Question: I want to hear your story, if
you are willing to share. Why did you leave the Catholic Church?
Answer: I was raised in a Roman Catholic home, and my parents and
teachers taught me the fear of God, for which I will always be
grateful. My country, Malta, is intensely Roman Catholic, with well
over 95% of the population being Catholic. I was thoroughly indoctrinated
in the Catholic religion since infancy. Sunday mass and daily rosary were
obligatory in my family, and I happily attended mass on most days of the
week before school. I was proud and sure of my religion.
All that was about to change unexpectedly when I was completing my
secondary education in the Catholic seminary. One day my brother came home
and told me that we are justified by faith and not by works. Later on I
found out that he had met some Evangelical Irish tourists earlier that
week and that they had convinced him about their religion.
I defended the Catholic teaching with much zeal. I remember arguing
that faith must be accompanied by good works, the solid evidence
of true faith. (Little did I know at the time that that was not what the
Catholic Church teaches, but that good works actually increase and
preserves the person's righteousness on the basis of which he would be
justified at the end).
For two years I studied the Catholic Bible because I wanted to bring my
brother back to "the true Church." I also sought the assistance of my
spiritual director and several priests. I wanted to show him that the Catholic
teaching is biblical. Slowly however, I begun to realize that many of the
Catholic dogmas are not clearly taught in the Bible, or even worse, some
seemed to contradict Scripture.
More importantly, I begun to feel the burden of personal sin and the frustration
of trying to merit salvation by religion. This had become more than a
religious controversy. It became a matter of life and death! I
found peace after reading the Gospel of John. When I finished the book, I
asked myself: What is the main purpose of the writer? The answer was
simple and apparent, and yet absolutely wonderful. God the Father wants me to
believe in His Son and in believing I would have eternal life!

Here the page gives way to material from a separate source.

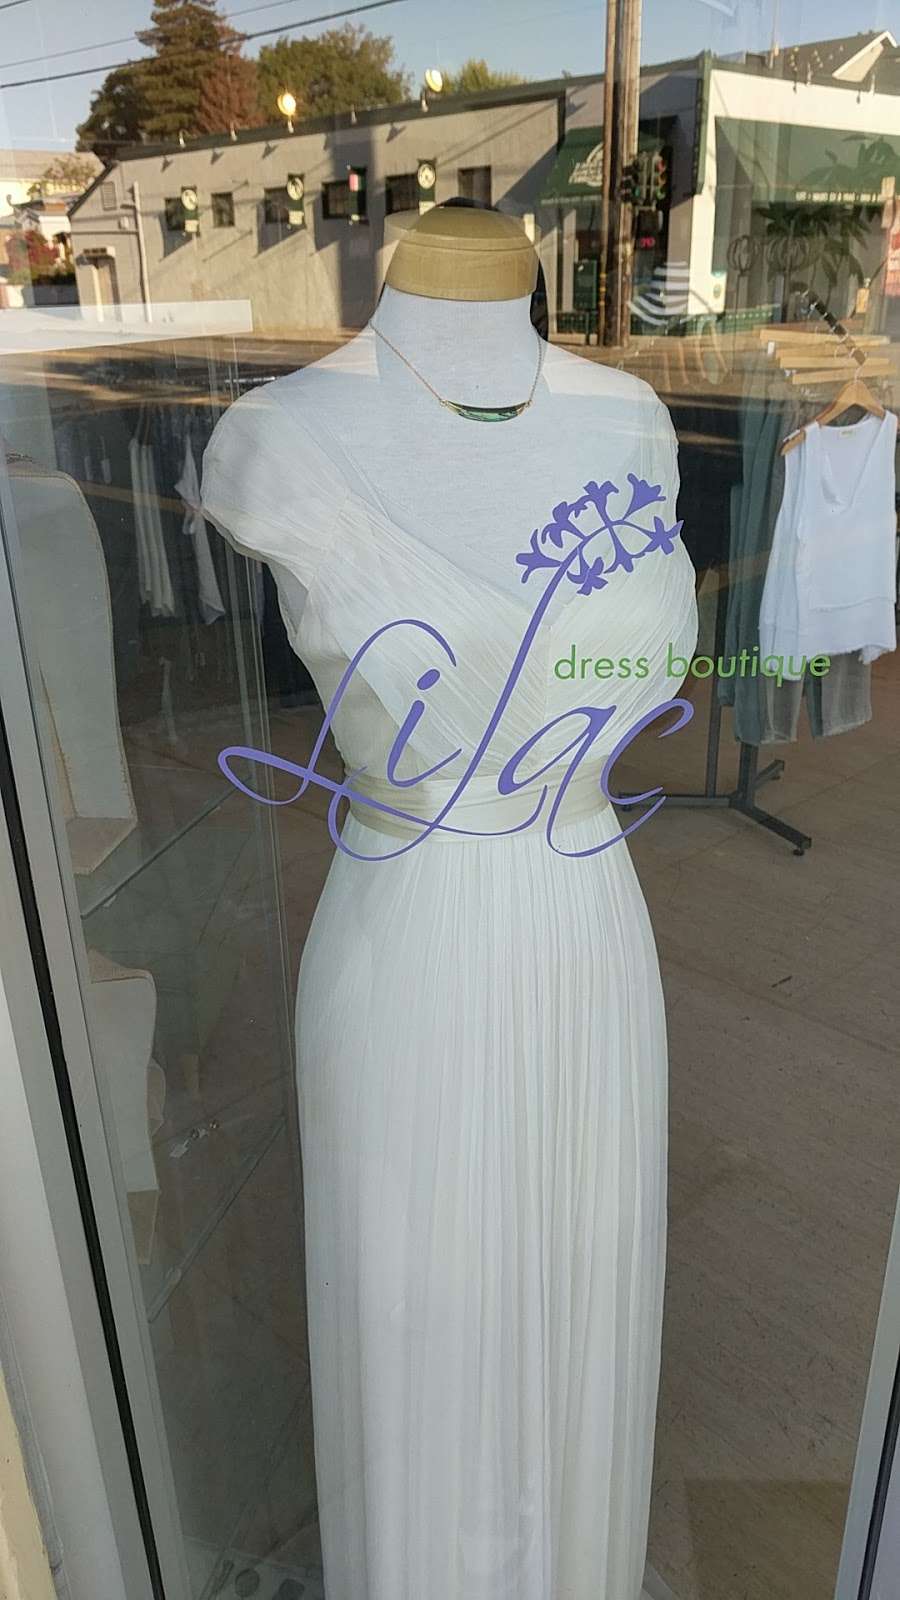 Lilac Dress Boutique | 1918 Encinal Ave, Alameda, CA 94501, USA | Phone: (510) 865-2544

Of course I already "believed" in Jesus. But I also believed
in Mary, in the sacrifice of the Mass, in confession to a priest and
penance, in purgatory, in myself and my good works by which I was expected
to merit eternal life. By God's grace I realized that salvation is not what I
do, or what the church does for me, or what Mary or the saints do.
Salvation is of the Lord ALONE. I tossed away all these clutches, and I
rested by faith on the Rock of my Salvation, the Lord Jesus Christ. Now I
know what it means to believe on the Son. And I know that I have eternal
life. Praise God!
Eventually I reluctantly left the Roman Catholic Church because I could
not remain a member of an institution that teaches a different way of
salvation than what is taught in the Scriptures. In a very real sense my
heart remains with Roman Catholics because I am a debtor to them. My
desire is to share the Gospel of the Scriptures - let us keep what is holy
and true in the Catholic religion, but let us not be afraid to clean the
house of the erroneous traditions that have accumulated through the years.